Any time the XTP’s - or FTX’s, really - come up, there’s always that gut check of bullet failures. Which, by most common standards, sure, the weight loss they suffer would be considered a failure.
But if you consider “failure” of a bullet in terms of failing to quickly and effectively kill the target animal when placed appropriately, then a guy has to consider - how did those folks get those bullets back to measure their fragmentation loss and weight retention?
Some other guys might consider failing to pass through as a “failure.” Well - how did those folks know the bullet didn’t pass through?
For either case: Dead is dead.
I would never consider taking an XTP or FTX on anything bigger than deer, and by saying that, I mean NEVER, and also mean nothing bigger than deer. I’ve recovered these bullets myself, and contemplated the poor weight retention and failure to pass through many times while I supped on venison killed by them.
Maybe I’m biased. I’m a coyote hunter at the core, because I can do that 365 1/4 days per year and my family has a few million dollars wrapped up in cattle - I’ve sold thousands of furs over the years, and really don’t mind NOT having an exit wound. I like to dump my energy in the pumphouse and not waste anything else. If game were running a mile afterwards, maybe I’d worry more about having a hole in each side. But when they fall on a spectrum somewhere between tipping over and staggering 30yrds, I don’t worry much.
I have had the same relationship with polymer tipped, non-bonded bullets like NBT’s, SST’s, CT BST’s. I won’t even pretend these bullets retain weight to any acceptable standard, and quite often, the core separates from the jacket. Exit wounds are often odd shaped and small, and not in line with the preliminary wound tract.
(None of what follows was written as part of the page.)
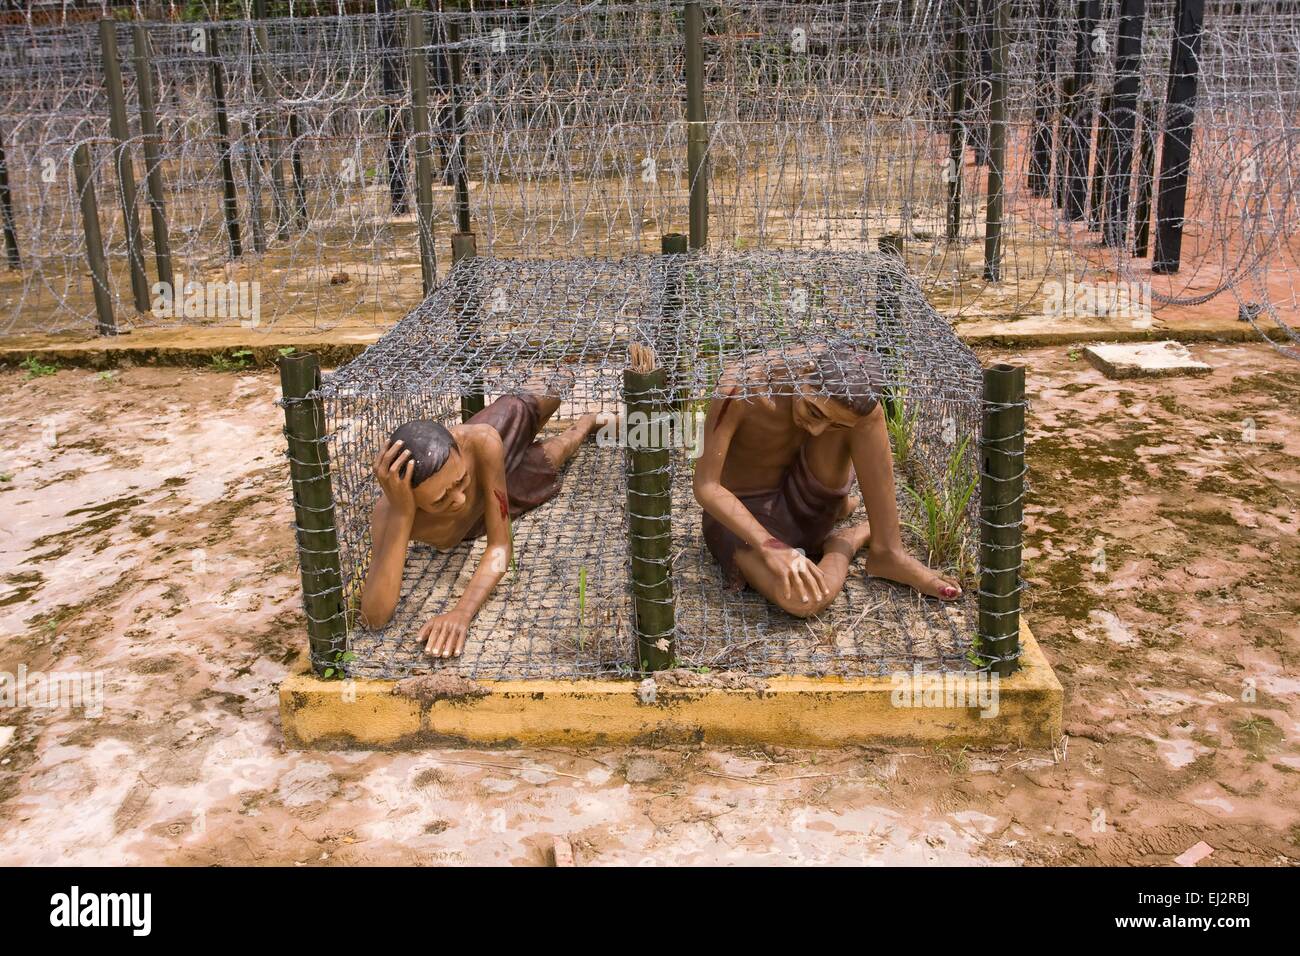 Former prison for prisoners of war on Phu Quoc Island, now a museum, sculptures depict the conditions of detention, Phu Quoc Island, Vietnam, Asia Stock Photo

That is, if any exit wound presents at all, and there are jacket fragments throughout the chest cavity and ribs (to the point of being easy to cut yourself as you scoop out the lung & blood jello salad they leave). Absolute and complete bullet destruction, a failure by any measure. But I’ve eaten nearly a hundred deer taken with these bullets.
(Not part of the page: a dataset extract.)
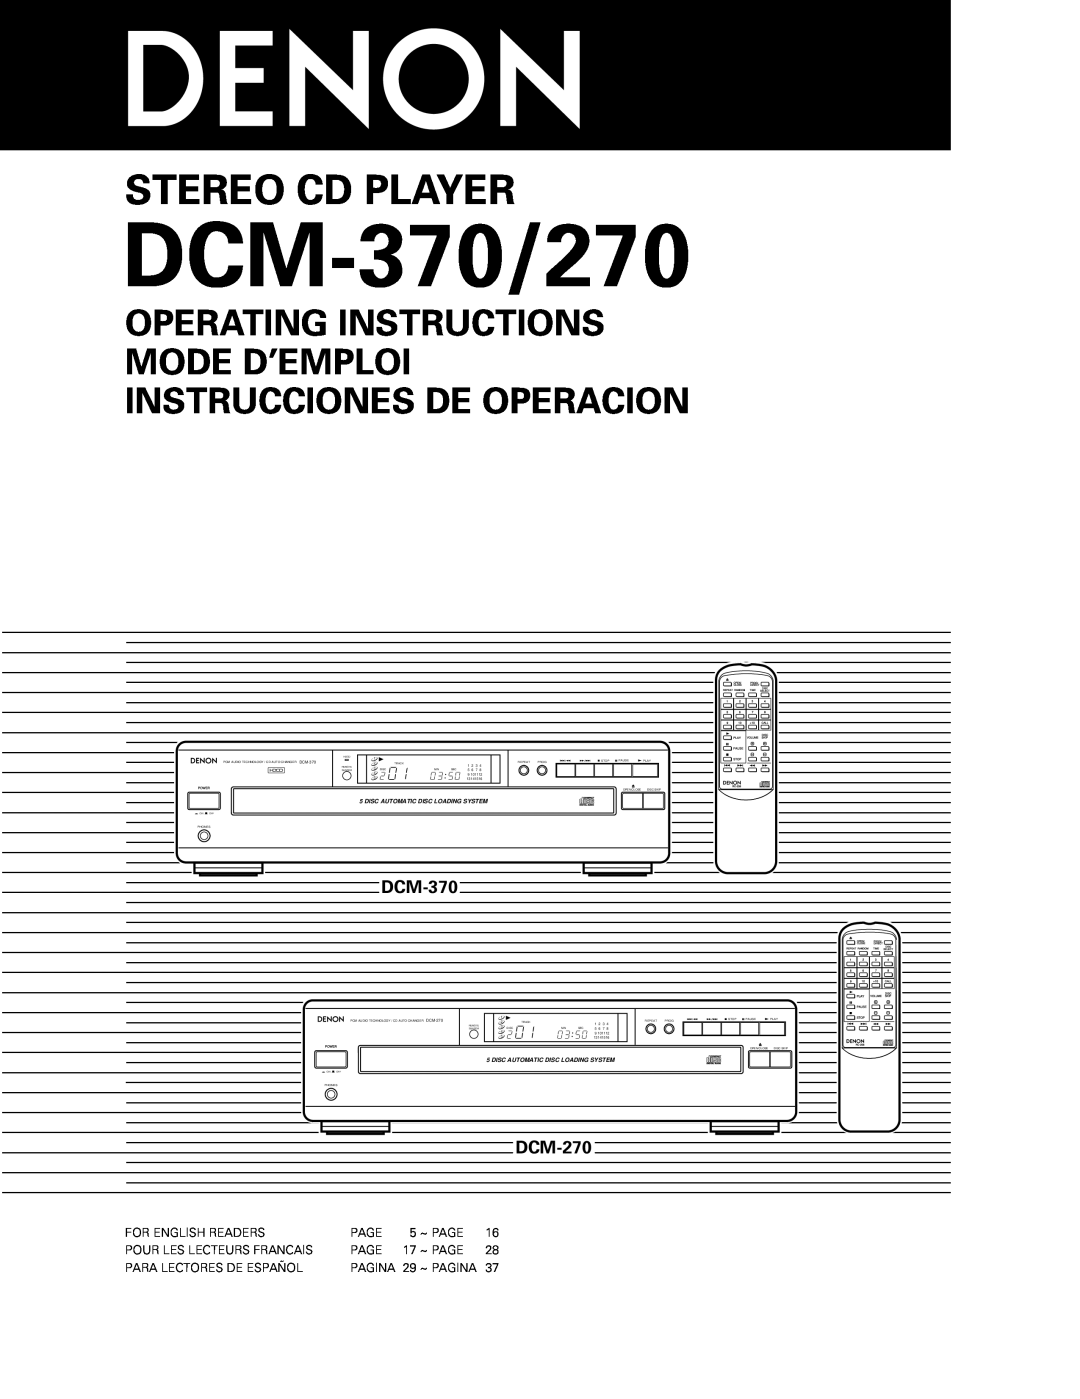 Denon operating instructions DCM-370/270, Stereo Cd Player, DCM-270, ‚‹ ﬁ‚, Disc Automatic Disc Loading System

My worst consequence for using the XTP’s on deer so far has really been a few shards of jacket in my buck-sgetti or deer-ox. If I lose one next season, I’d expect I’m due to make a bad shot as the shooter, or have a statistical “WTH just happened?” event which all hunters have eventually.
I’m not saying they’re great bullets, but rather the common standards/definitions of “bullet failures” might not be the best measure of terminal performance.